I have a few questions and they are also easy to ask in the context of the following example,
so I was asked to classify the singularity at $z=0$
of $$f(z)=z^{2}/(e^{z}-1)$$
My first thought was that the limit as z goes to $0$ is $0$ by L'Hospital rule.
So first question, does that automatically rule out that $z=0$ is a pole? My thought is yes.
So we could either have a removable , or a essential singularity.
Now here is the second part of my question
I know $$e^{z}=1+z+z^{2}/2!+z^{3}/3!+O(z^{4})$$
so
$$e^{z}-1=z+z^{2}/2!+z^{3}/3!+O(z^{4})$$
So $$f(z)=\frac{z^2}{z^{2}/2!+z^{3}/3!+(O(z^{4}))}$$
but that doesn't get me much because I know that dividing power series in general we want to avoid.

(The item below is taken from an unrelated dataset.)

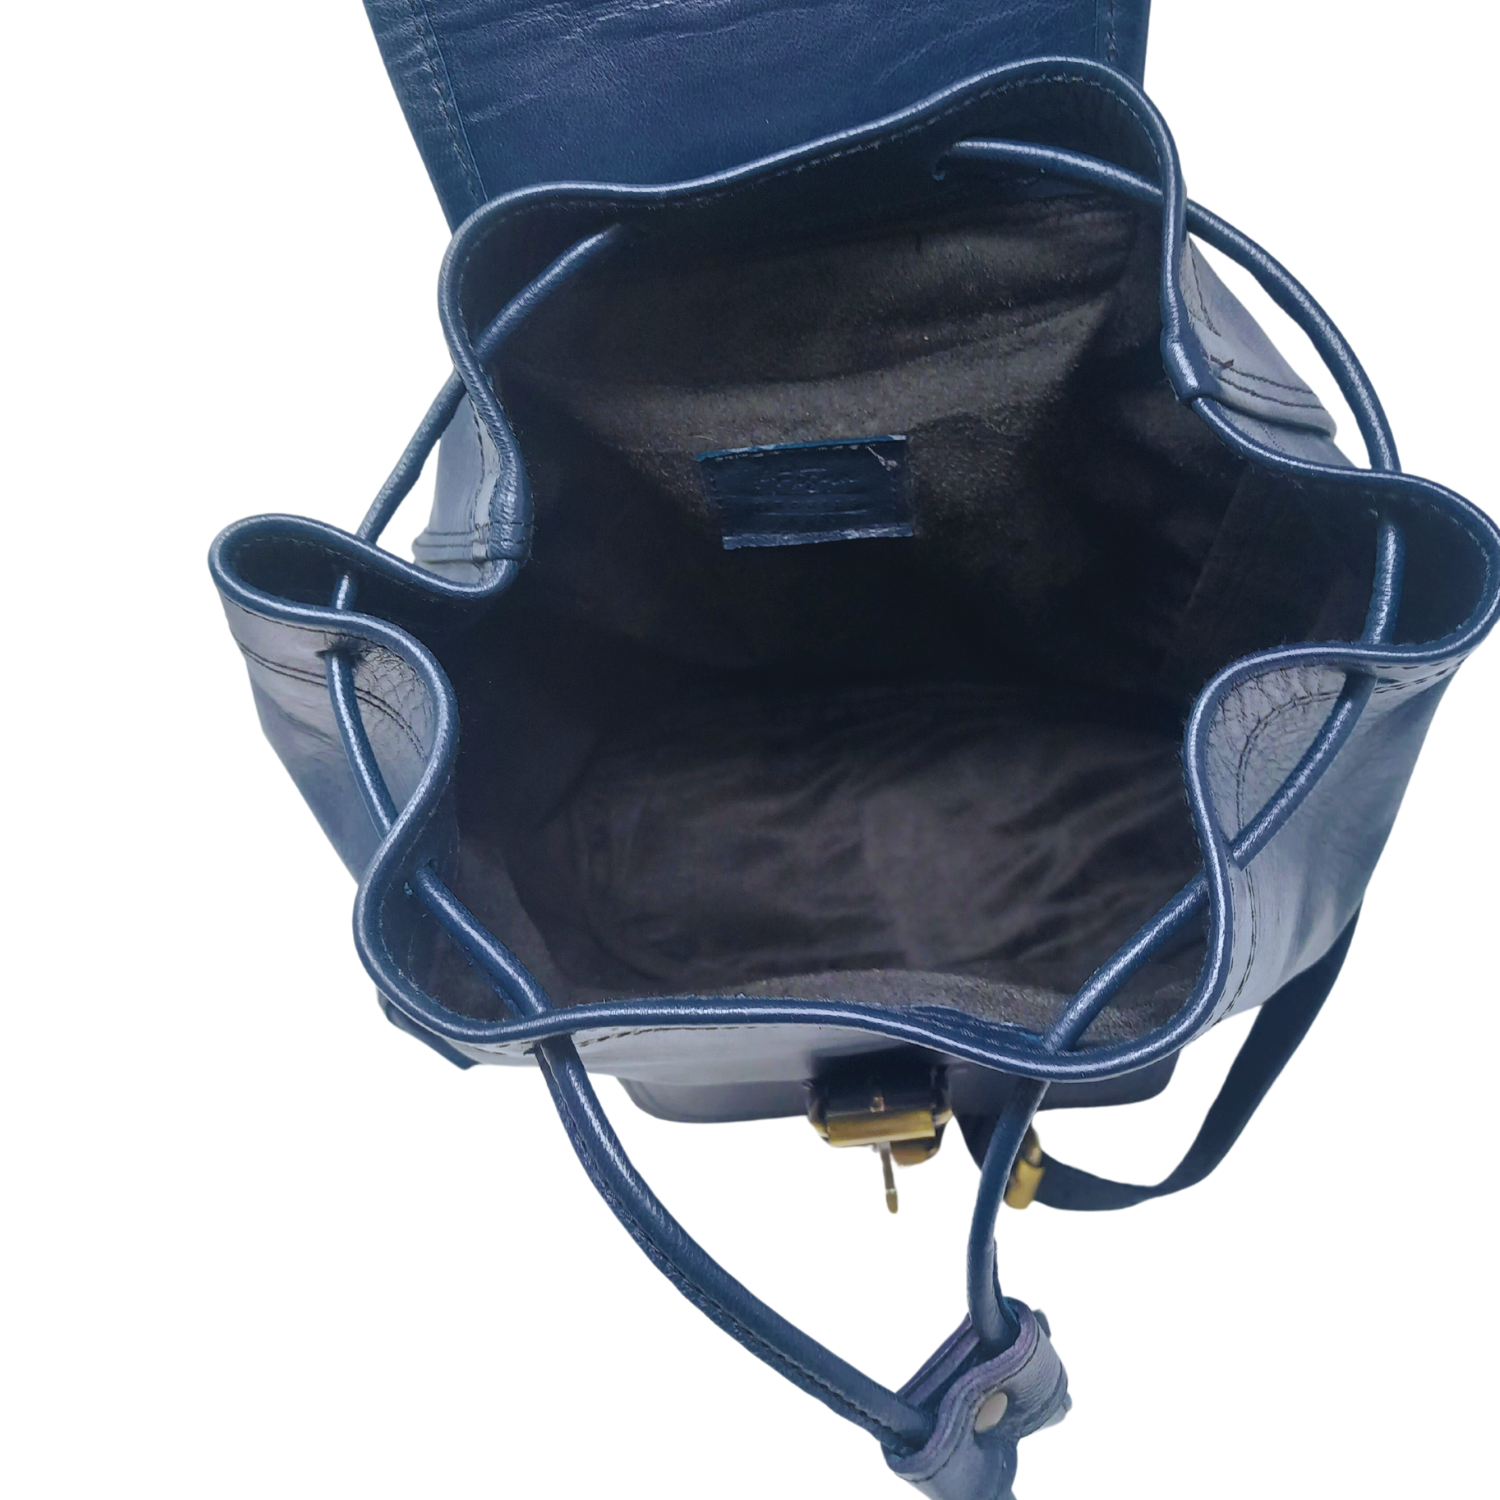 Sac a Dos blue Leather Backpack

But now, looking at $f(z)$, is there something that an experienced eye can simply note which gives away which type of singularity we have? My thoughts are that it is removable, but I am not sure if that is true, and if so how to prove it.
So any advice?
Update: The book claims this is an essential singularity. Now im confused
Thanks
Don't forget that you can take $\;z\;$ very close to zero and since we're only interested to know how the Laurent (or power) series around that point behaves, we can "chop off" many summands and use, for example, the development for geometric series:
$$\frac{z^2}{e^z-1}=\frac{z^2}{\left(1+z+\frac{z^2}2+\ldots\right)-1}=\frac{z^2}{z\left(1+\frac z2+\ldots\right)}=$$
$$z\left(1-\frac z2+\frac{z^2}4-\ldots\right)=z-\frac{z^2}2+\ldots\implies$$
we have that $\;z=0\;$ is a removable singularity as we get above a power series (or, if you prefer, the function's principal part of its Laurent series about that singularity is zero).
I've found along the years this method very useful to evaluate residues, kinds of singularities, etc. for many functions.